■ Your instructions: The copy you print must match the listing exactly, with its pictures removed.

■ Stored data:
□ □ □ □ □
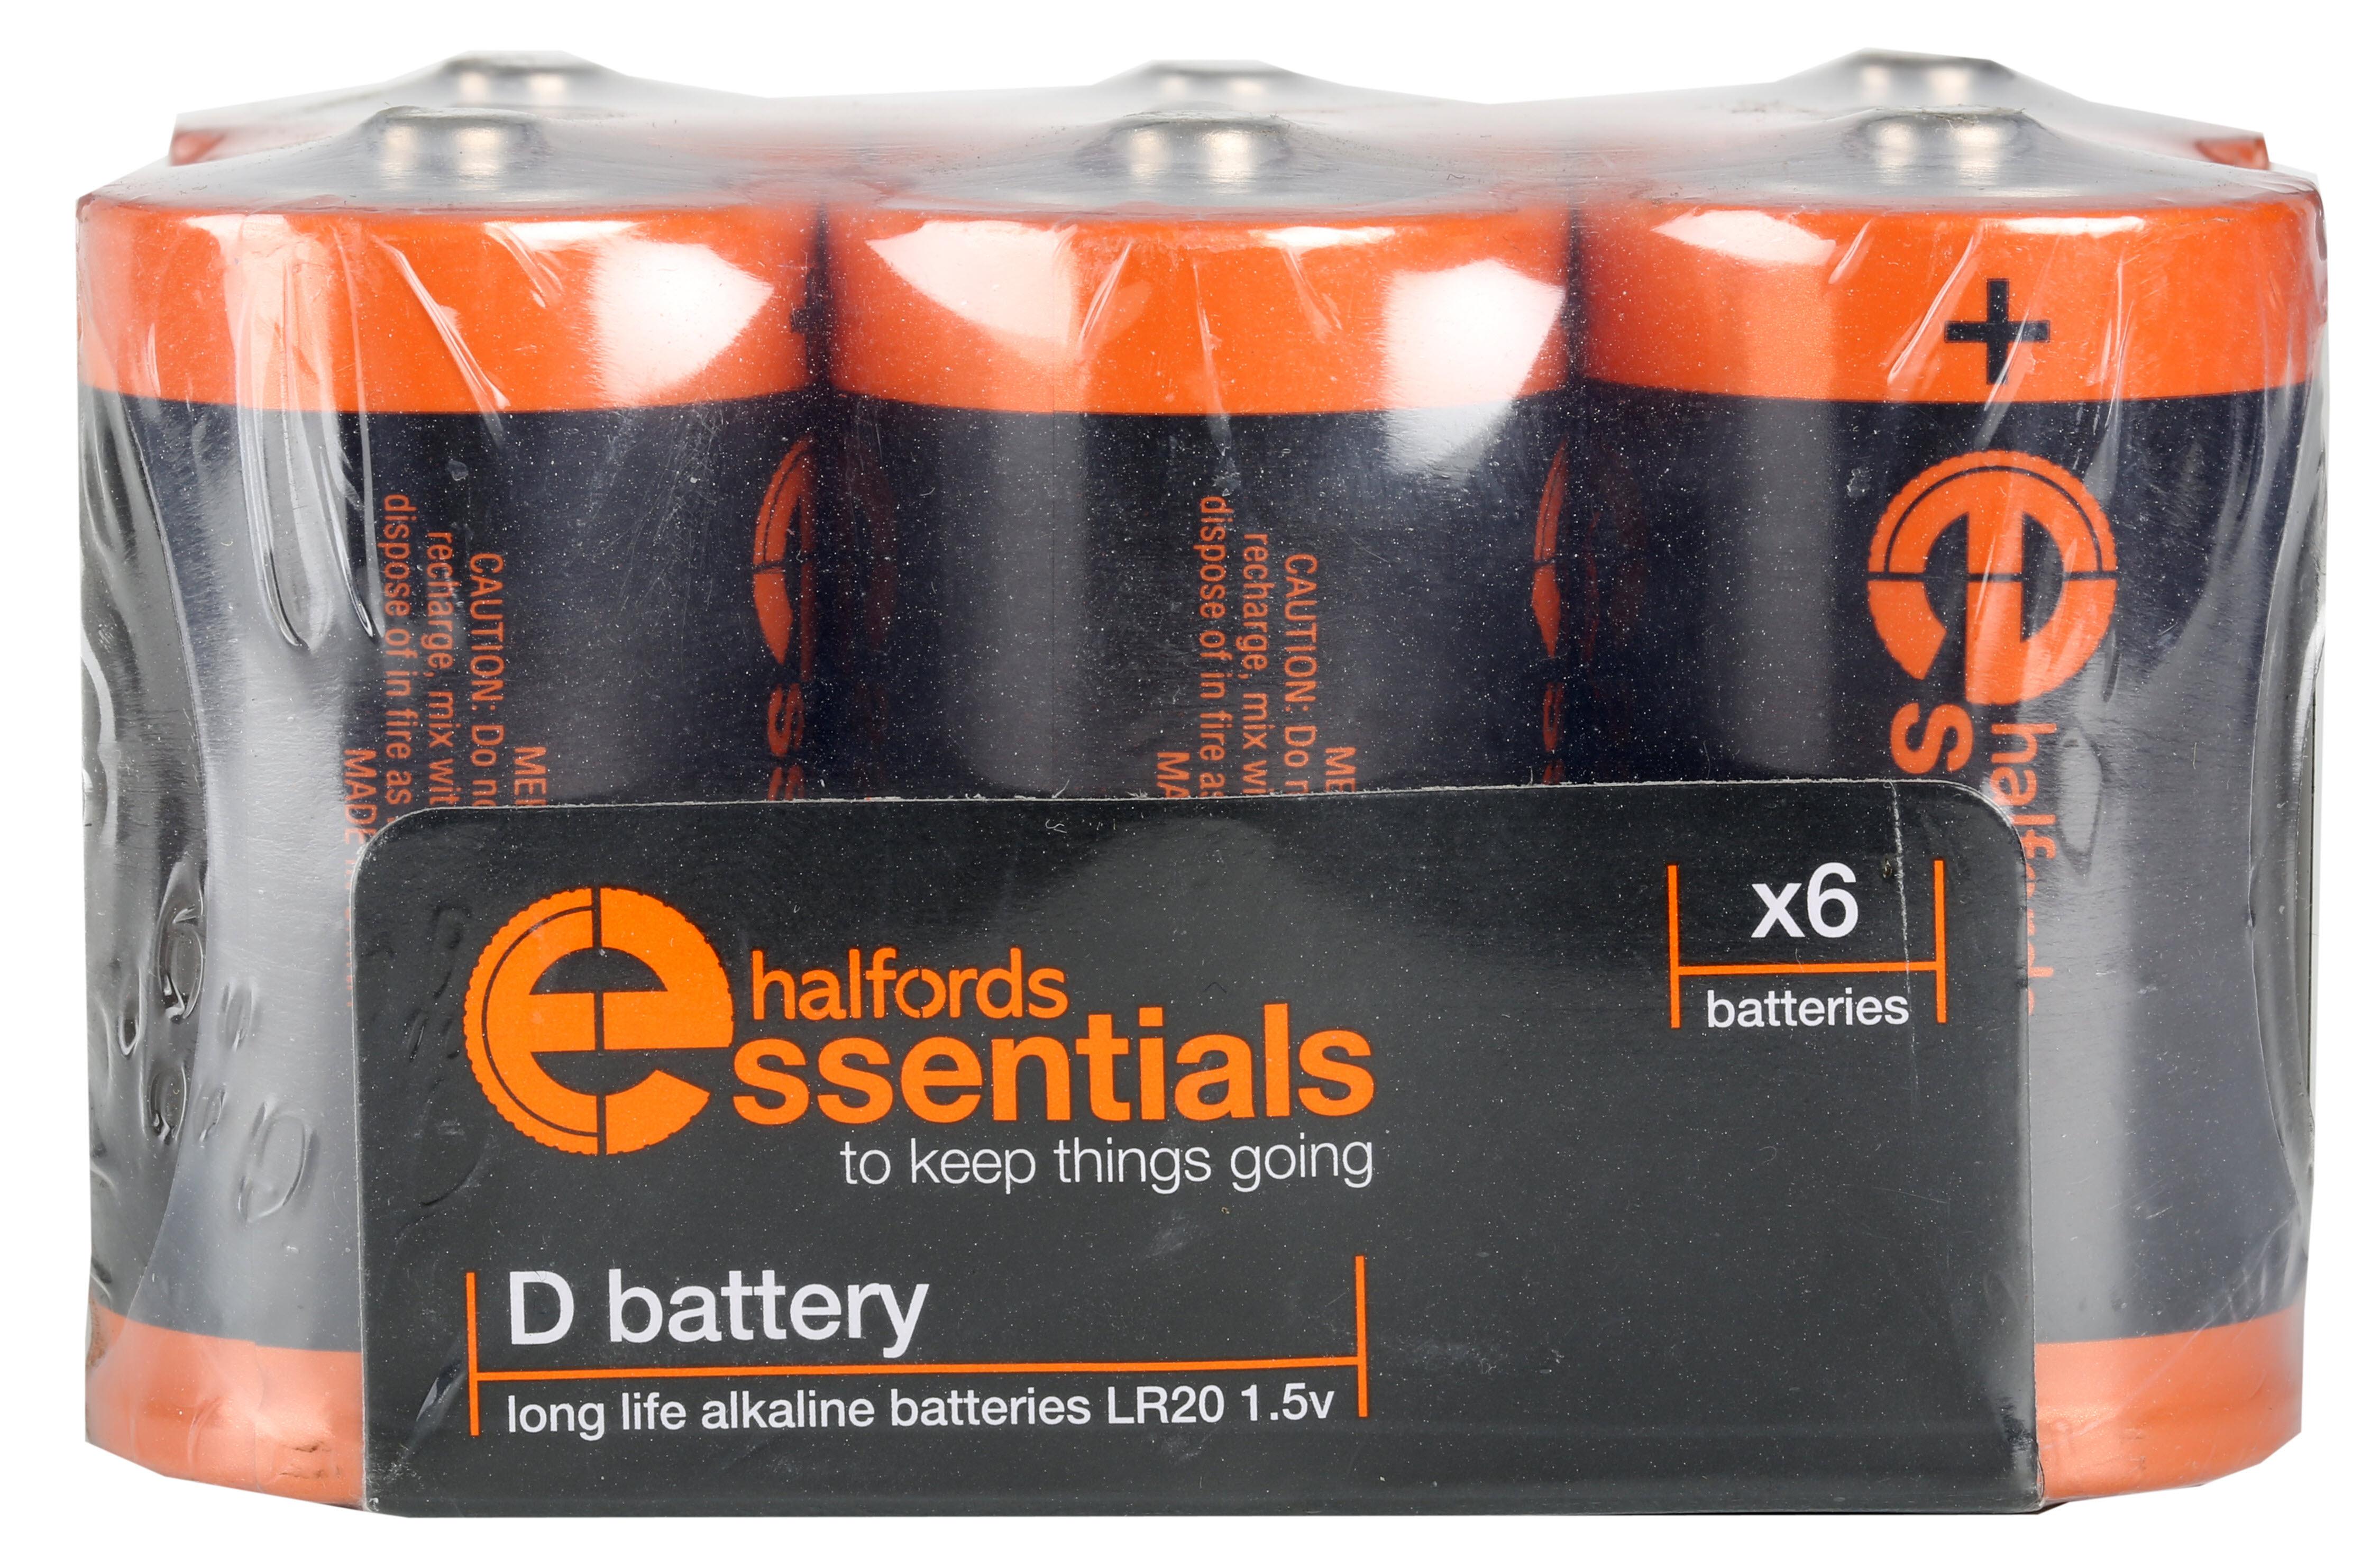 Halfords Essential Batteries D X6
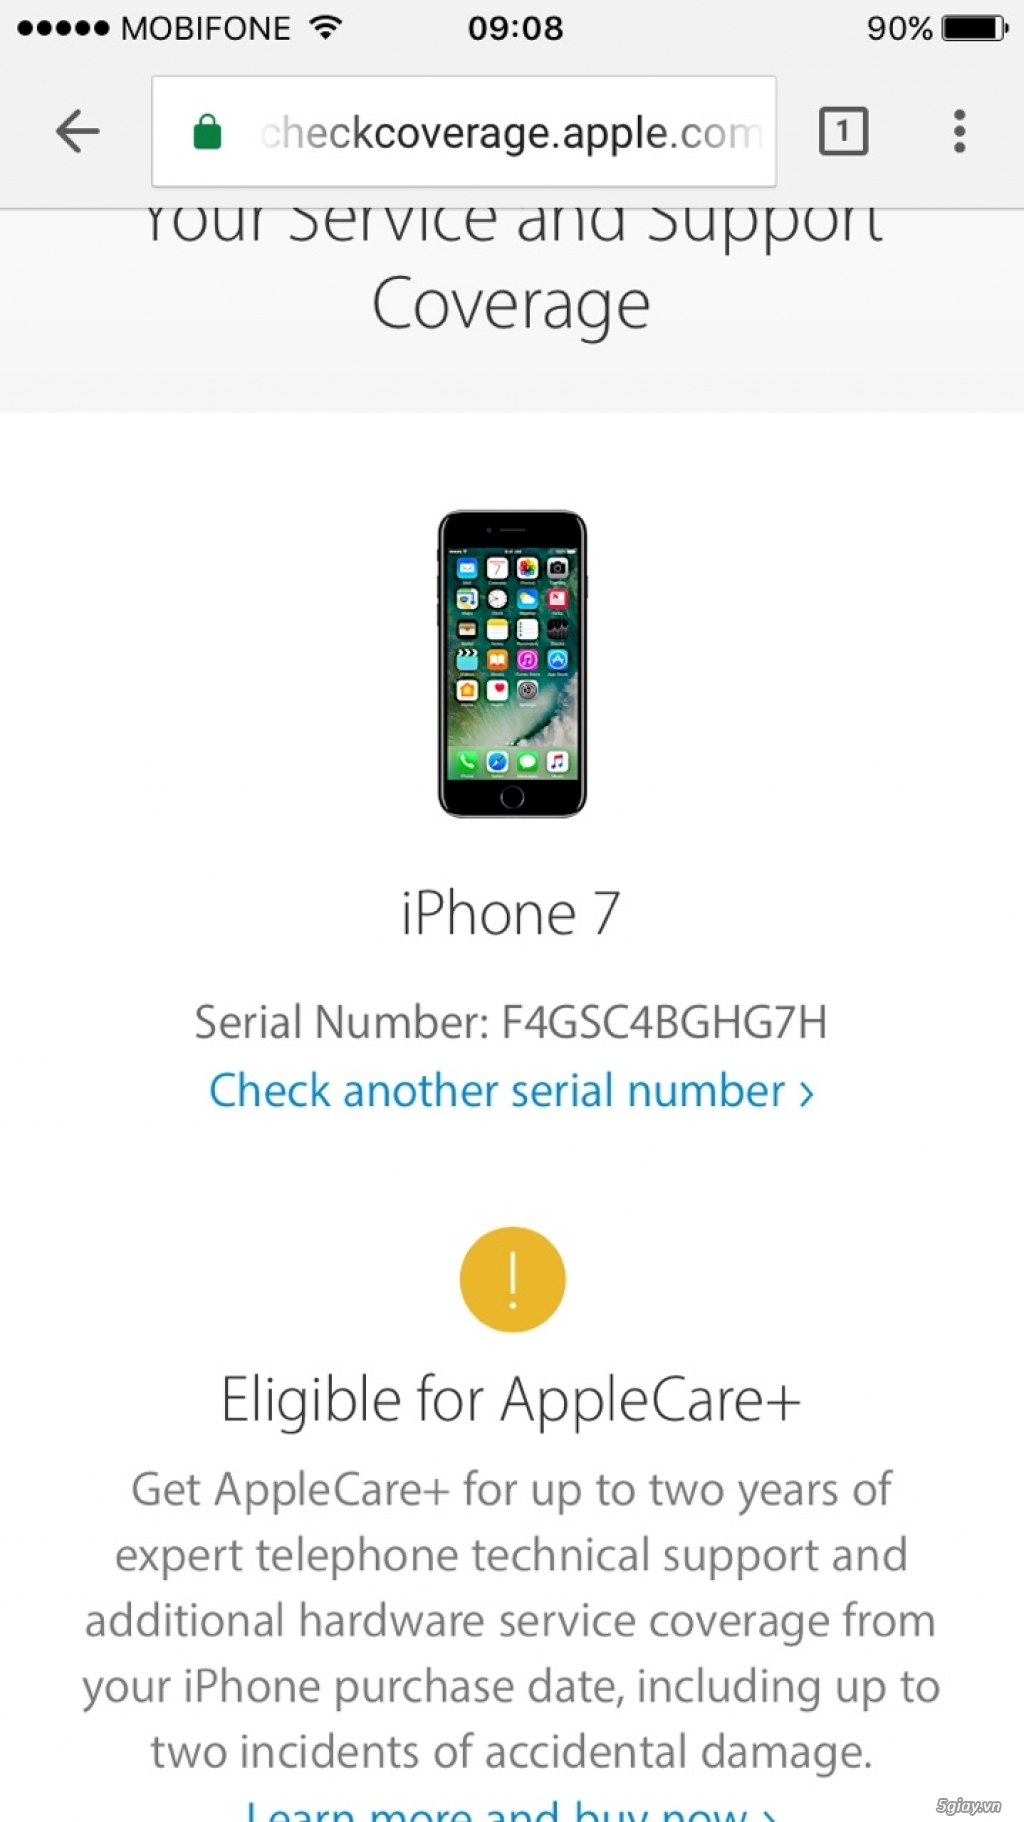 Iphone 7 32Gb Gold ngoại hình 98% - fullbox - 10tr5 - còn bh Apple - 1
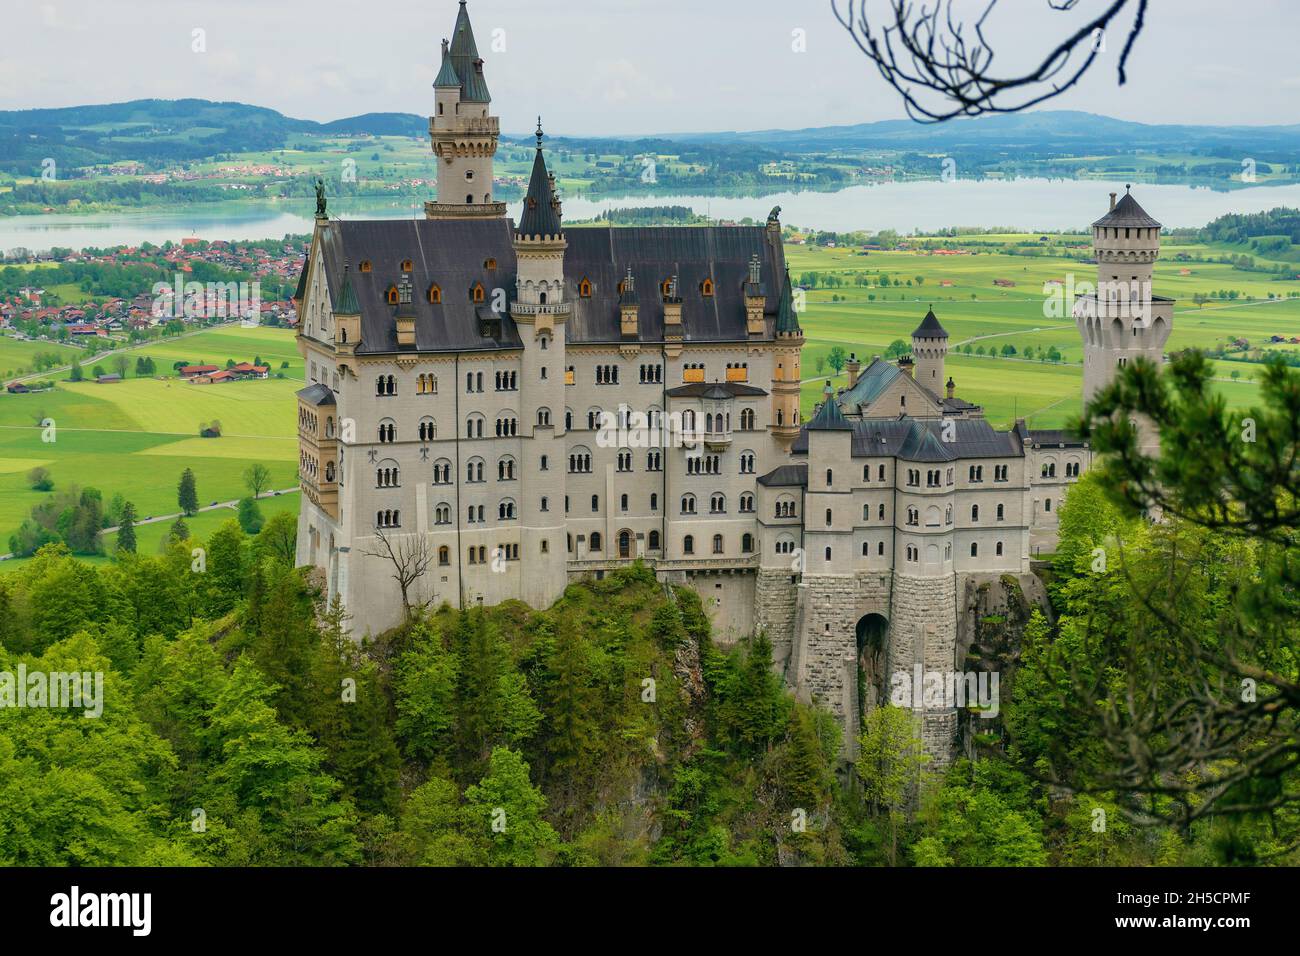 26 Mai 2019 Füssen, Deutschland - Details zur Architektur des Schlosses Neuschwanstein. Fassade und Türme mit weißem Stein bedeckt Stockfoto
□ □ □ □ □
■ Output below:
 Halfords Essential Batteries D X6
 Iphone 7 32Gb Gold ngoại hình 98% - fullbox - 10tr5 - còn bh Apple - 1
 26 Mai 2019 Füssen, Deutschland - Details zur Architektur des Schlosses Neuschwanstein. Fassade und Türme mit weißem Stein bedeckt Stockfoto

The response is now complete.